Historic Preservation students and faculty take part in important research trips
4 min readBy LAUREN CLOSS
In 2007, Doug Sanford, a professor of historical preservation at the University of Mary Washington, began a two-year project funded by the National Endowment for the Humanities Collaborative Research grant. Along with his colleague Dennis Pogue, a professor at the University of Maryland, Sanford researched and documented 30 former slave residences in Virginia. Since then, the pair has continued their efforts throughout the summers and during the school year with the help of historic preservation majors.
“African American archaeology is a long-term research interest of mine,” Sanford said. “On archaeological sites, we would often encounter evidence of buildings so it just made perfect sense to start studying surviving slave buildings so that we could compare those to what we were seeing archaeologically. My colleague and I have continued to do this and become more organized about it, to both gather this information and to share it with other people, make it available to other researchers, but also as a way to encourage awareness of these buildings and see that they’re talked about and that the issues of slavery are talked about.”
Professor Sanford is currently teaching a slave housing course that made four expeditions to slave dwellings this semester.
“It’s a lot of fun,” said Madeline Fanta, a senior history major and member of the class. “You get to take pictures, you have to make a floor plan, we measure the building and figure out how big it is- interior, exterior, upstairs, downstairs- and we also fill out a survey form which sort of details the details of the building.”
In addition, the types of nails, tool marks and construction techniques are accessed to date the building. Sanford and Pogue also previously used dendrochronology, tree ring dating, to pin down the specific year a dwelling was built.
These results and measurements are then published on vaslavehousing.org. According to the site, the purpose of the project is to “compile information on the domestic architecture of slavery in Virginia. We gather information from archaeological sites, period documents such as census and tax records and surviving buildings in rural and urban settings. Beyond facilitating scholarly research, we encourage public awareness and preservation of slave-related buildings, many of which are in danger of being lost due to neglect or purposeful demolition.”
Busloads of students have traveled to buildings several hours away. Earlier in the semester, students made trips to Pittsylvania County and outside Lexington.
“If you look at the study of slave buildings in Virginia, most of the effort has been placed in Eastern Virginia,” Sanford said. “We’re purposefully looking at other parts of the state that have been less studied, for instance the Shenandoah Valley, or South-Central Virginia.”

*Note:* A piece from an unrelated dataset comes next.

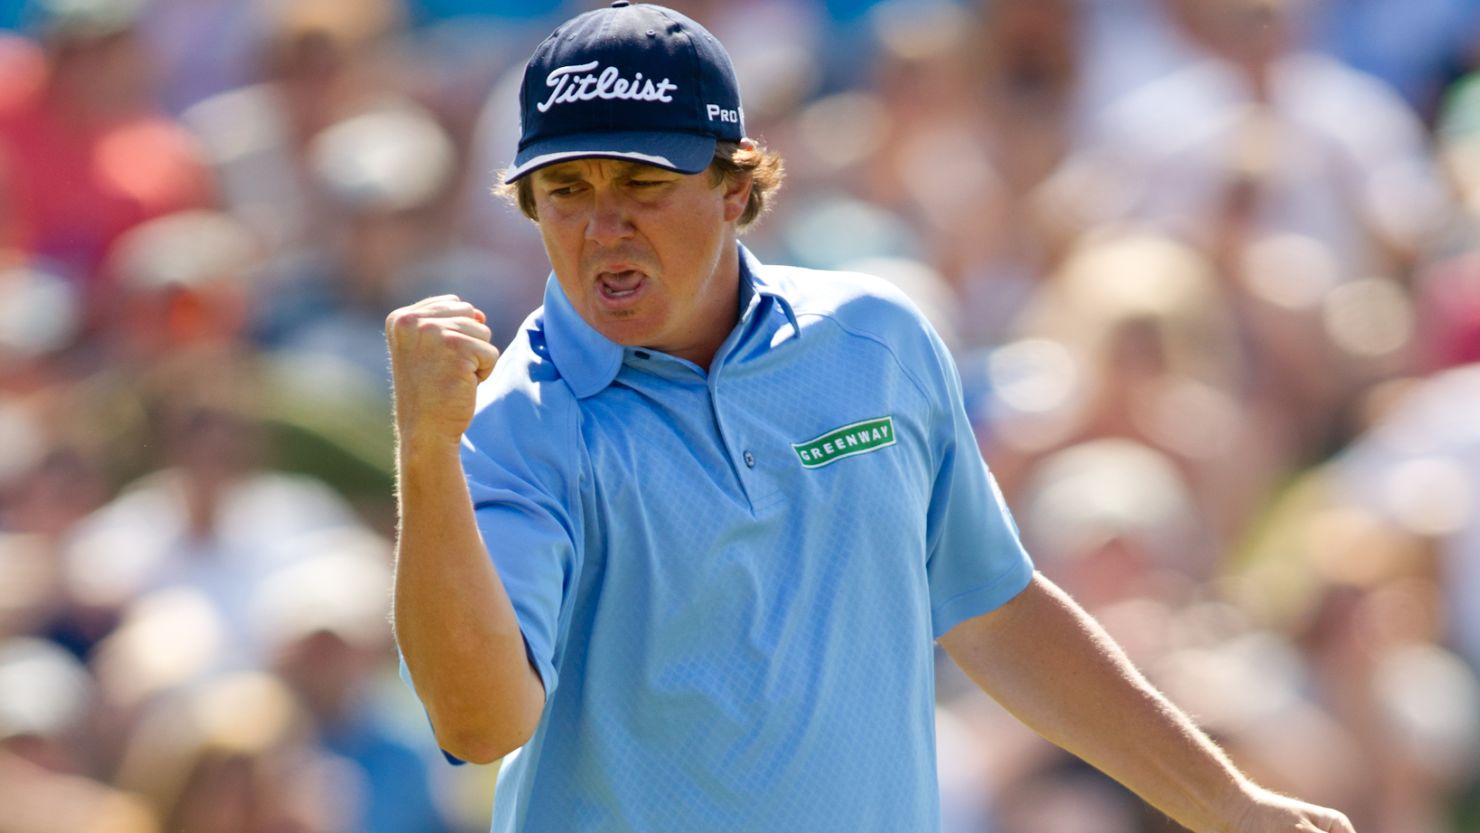 American golfer Jason Dufner rose to a career-high 14th in the world rankings after winning the HP Byron Nelson Championship.
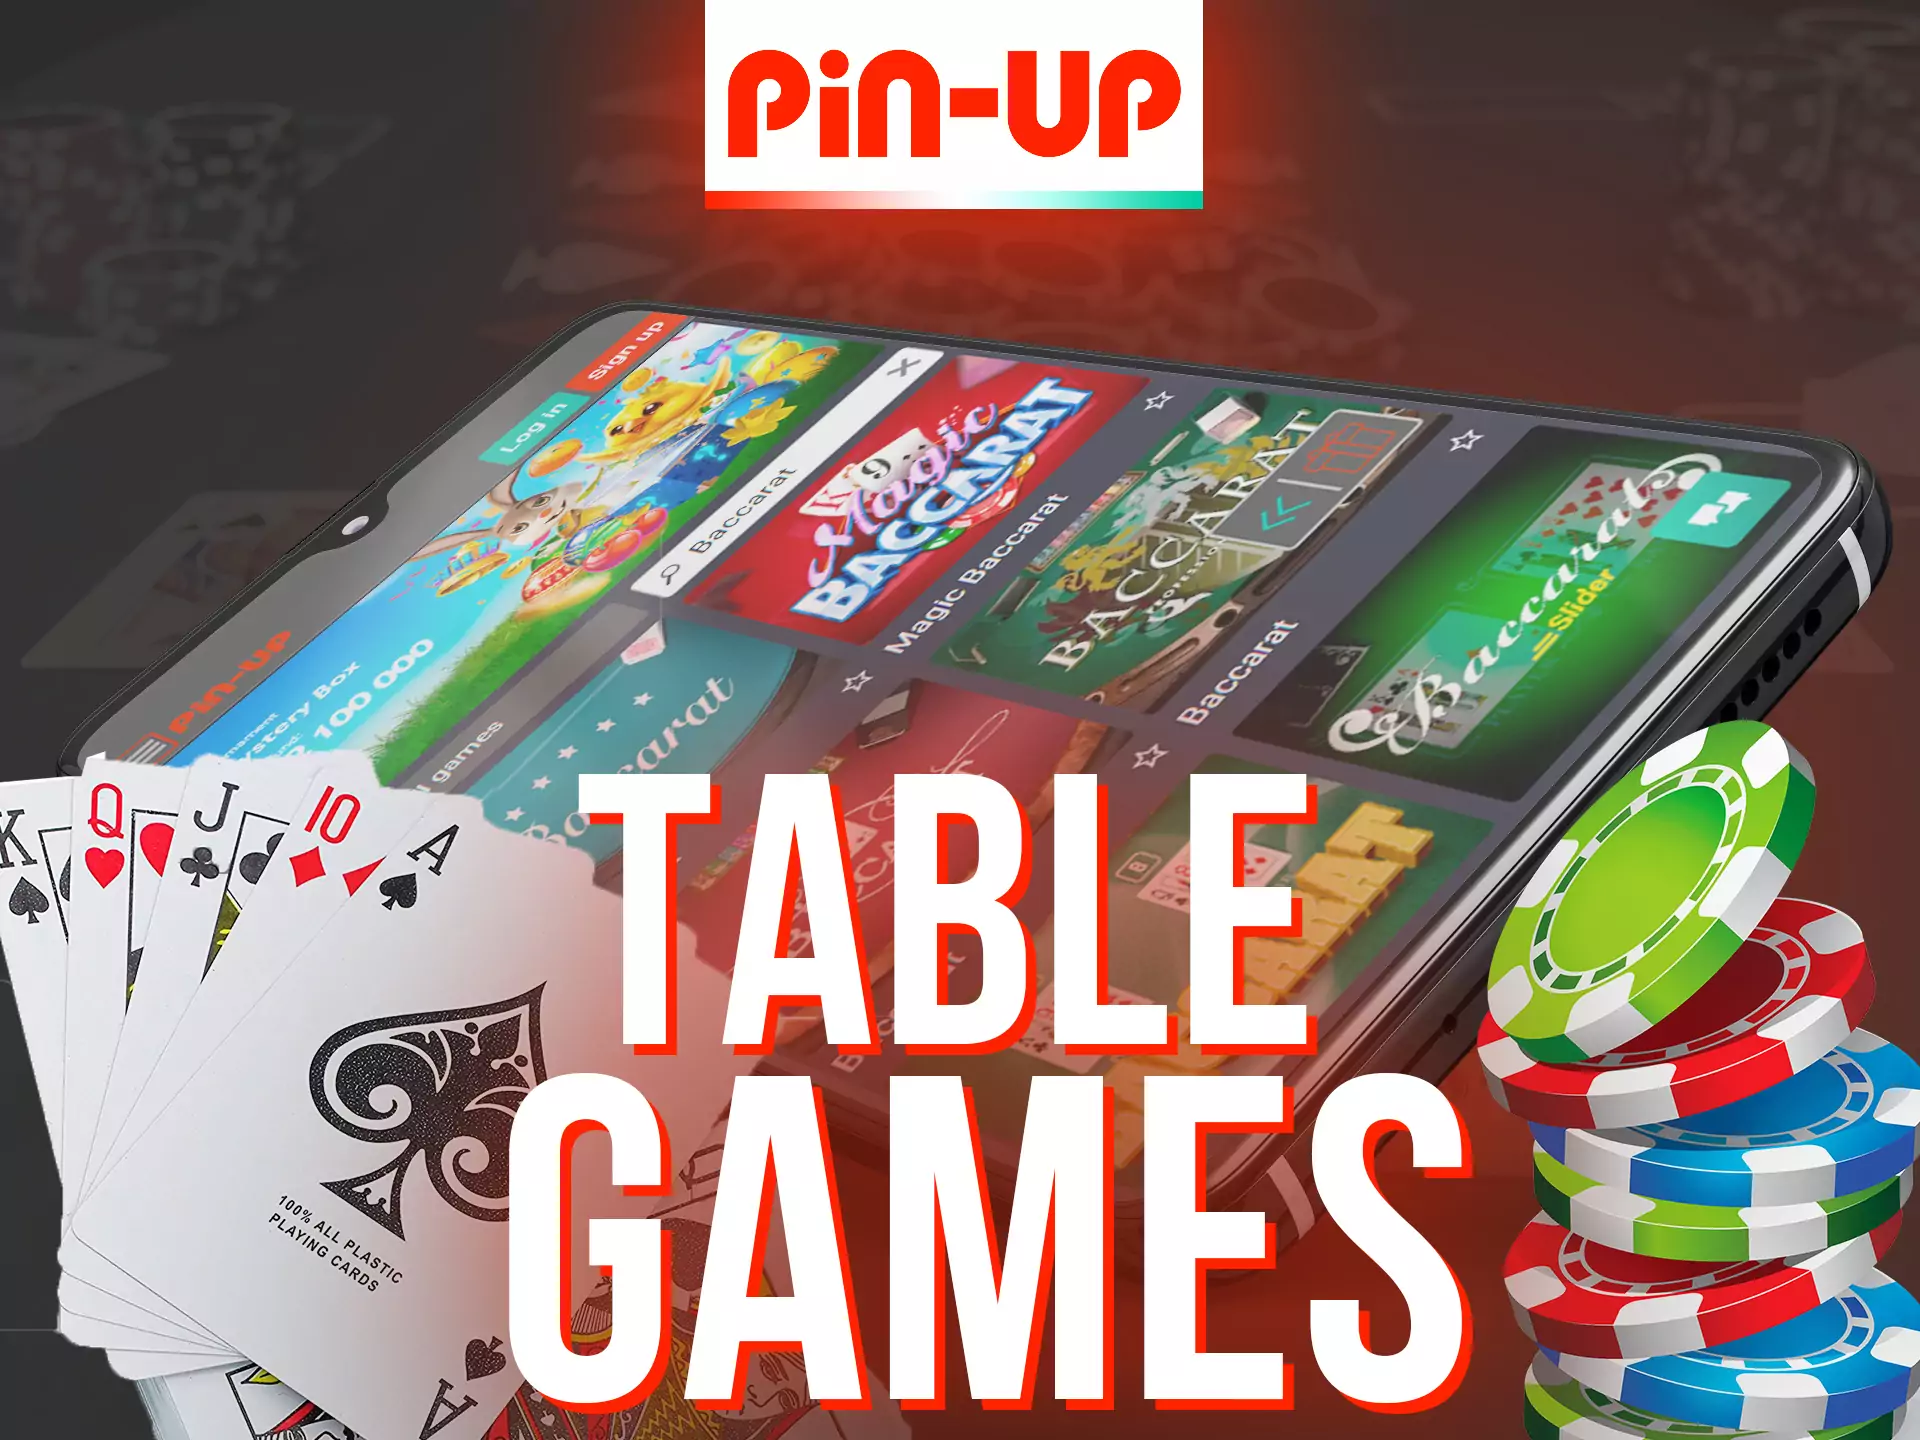 In the Pin-Up app you can play casino table games.

The buildings are put on their radar by private landowners, historical societies or preservations groups, previous small-scale architectural surveys or just people in the community with an interest in historic buildings or issues of slavery. They are often helpful in providing some past “historic documents, maps or personal accounts from the plantation owner” that aid in identification of slave dwellings, according to Sanford.
“There are also fire insurance policies that included slave buildings in some cases,” Sanford said. “One of the things we use is the US census in 1860, [which] asked all slave owners how many slave houses they had.”
One challenge associated with documenting surviving historical buildings is determining what has been replaced because if they are still standing it is likely they were used or updated after the civil war.
“We have to become housing detectives to determine what survived from the period of slavery and what came later,” Sanford said. “It’s good training for the students to learn how to recognize different periods of construction and what were the different uses of a building, but then to ultimately get back and say okay here’s what we think the building looked like when it was used as a slave quarter.”
Unfortunately, there are many more slave houses in Virginia than are possible to document before they deteriorate further.
“The reason we’re doing this is because you see all of the buildings that have survived that belonged to the people that owned the slaves, but unfortunately slave buildings were not built to last,” Fanta said. “They were typically made of wood, so that’s why we want to focus on protecting those because they are falling down and the ones we have left- it’s incredible that they’re still standing.”
The ongoing project will be continued by Sanford and Pogue this summer in Shenandoah County, and hopefully next semester in other parts of Virginia. The involvement of students not only provides the man-hours needed to document buildings that would otherwise be accessible only from archaeology, but also the education and experience for their future occupations.
“Right now, we are learning how to identify and protect buildings and archaeological sites and artifacts,” Fanta said. “We’re learning how to make a greater impact.”